Reyn se tut, réalisant sa défaite et son impuissance. La sorcière la tenait entre ses serres.

─ Je trahirais jamais un serment, se renfrogna-t-elle. Toi et ton homme, vous êtes libres. Allez, maintenant, libère-moi.

─ Je ne te ferais pas l’affront de t’obliger à m’implorer. Sache qu’autrefois ça aurait été différent.

─ Qu’est-ce qui a changé ?

Nellis darda simplement un regard aimant du côté de son compagnon, lequel vint glisser sa feuille de damoiseau dans les cheveux crasseux de son aimée.

D’un mouvement fugace de la main, la sorcière écarta les racines de la cheville de Reyn qui se releva avec l’aide de Bagon.

─ Je dois l’avouer. Je suis un peu jalouse, maugréa l’elfe, étrangement souriante, tout en massant son pied rouge. Jilam, si tu t’ennuies un jour, tu peux toujours passer nous voir.

─ Et si tu allais en ville te trouver ton propre humain. Ce ne sont pas les fous dans mon genre qui manquent.

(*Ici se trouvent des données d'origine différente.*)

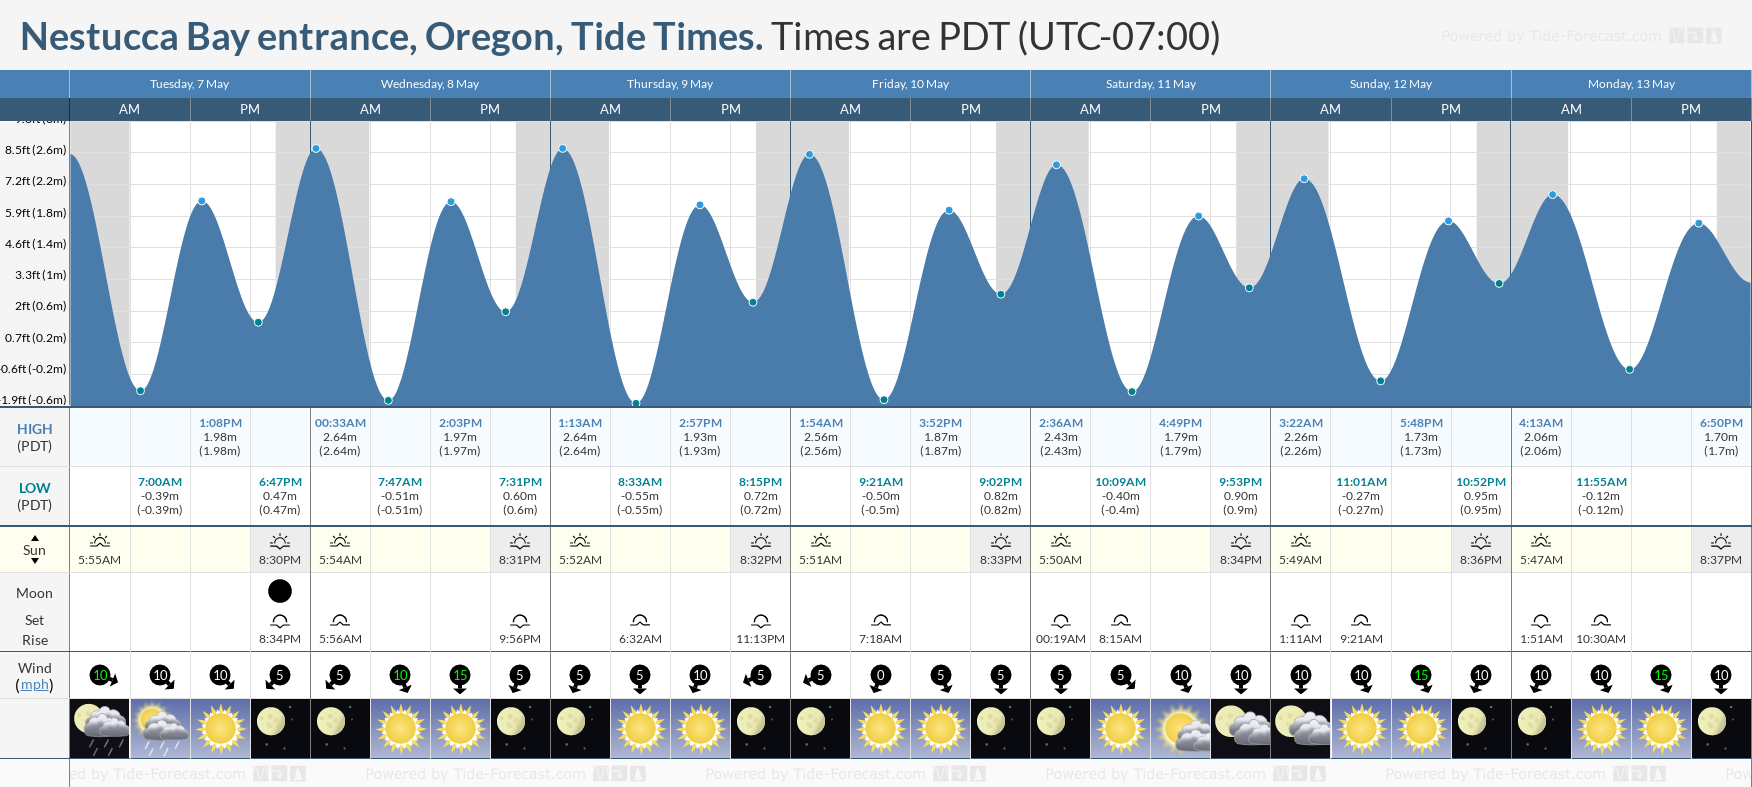 Nestucca Bay entrance, Oregon Tide Chart including high and low tide tide times for the next 7 days

─ On se reverra, petit d’homme, insista la renarde butée.

─ Merci pour cette matinée. Elle fut instructive.

De retour à la tanière du chêne, Jilam s’attela immédiatement à la transcription de cette riche journée. Nellis, tandis qu’elle préparait ses potions, le regardait faire, emplie d’un sentiment qu’ils partageaient après l’avoir longtemps cherché : celui d’être complet.